Pour obtenir Prometea, l’équipe italienne a créé 841 embryons, en utilisant des cellules issues soit d’une jument Haflinger, soit d’un pur-sang arabe. Seulement 22 embryons se sont développés et 17 d’entre eux ont été implantés dans neuf mères porteuses. Pour pimenter un peu le tout, les Italiens ont décidé d’implanter dans l’utérus de la jument Haflinger son propre clone ! Et par le plus grand des hasards, seule cette gestation s’est déroulée correctement. Prometea est donc la copie de sa propre mère, ce qui en fait un individu unique dans la grande galerie des clones.
Une copie non conforme
Un clone est une sorte de jumeau différé dans le temps. Parce qu’il possède exactement les mêmes chromosomes que l’individu original, c’est une copie génétique, mais on a tort de croire que c’est une copie conforme. En effet, toutes les caractéristiques d’un individu ne sont pas définies que par ses chromosomes. Ainsi deux vaches clonées n’ont pas les mêmes taches, et dans le cas de Prometea, elle n’a pas la même liste en tête que sa mère… Au niveau cellulaire, d’autres éléments peuvent différer. Cela se passe hors du noyau, au niveau des mitochondries. Ces petits éléments de la cellule possèdent leurs propres gènes. Or, lorsqu’un animal naît par clonage, les scientifiques ne sont pas capables de contrôler l’origine des mitochondries (voir schéma). Avec le cheval, ce problème revêt un aspect particulier : « Les mitochondries fournissent l’énergie nécessaire au fonctionnement des cellules, un élément essentiel pour un cheval de sport ! Si un cheval et son clone n’ont pas les mêmes mitochondries, ils n’auront pas forcément les mêmes performances physiques », explique le généticien Axel Kahn. Récemment, des chercheurs français ont montré que chez la souris, les mitochondries pouvaient avoir une influence sur l’anatomie du cerveau, sur le développement et le vieillissement. Il y a fort à parier qu’il en soit de même chez tous les mammifères.

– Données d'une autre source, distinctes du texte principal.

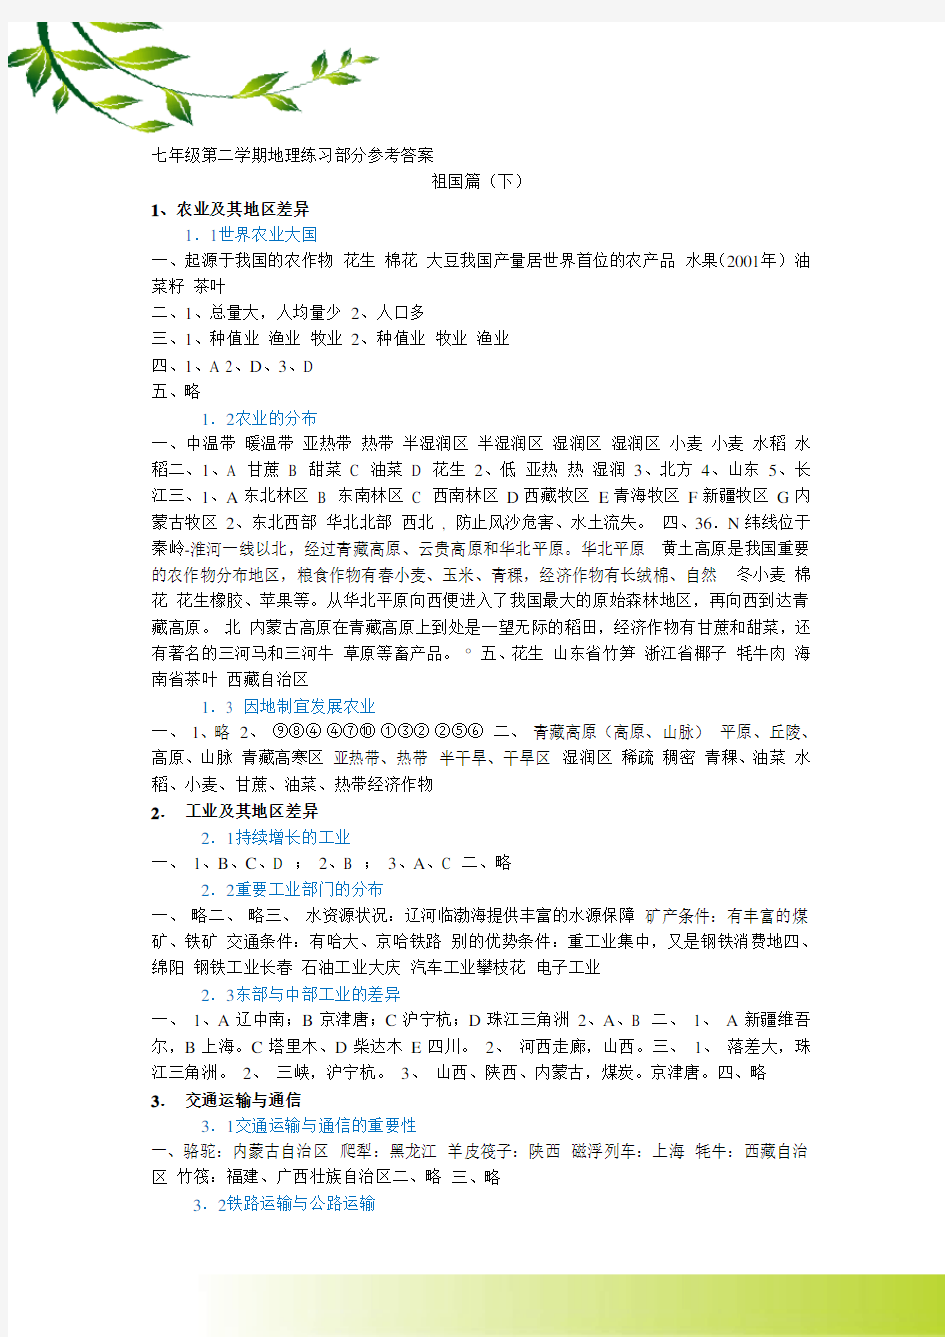 上海七年级第二学期地理练习册答案

L’environnement dans lequel se développe un embryon est un facteur important : l’alimentation de la mère peut par exemple influencer la croissance du poulain. C’est pourquoi le choix de la mère porteuse n’est pas un détail et peut lui aussi engendrer des différences entre l’individu original et le clone. Reste ensuite toute la vie après la naissance, l’acquis, dont on sait que c’est un facteur essentiel dans le comportement du cheval. Toutes ces raisons font qu’un clone ne peut pas être la copie exacte d’un individu.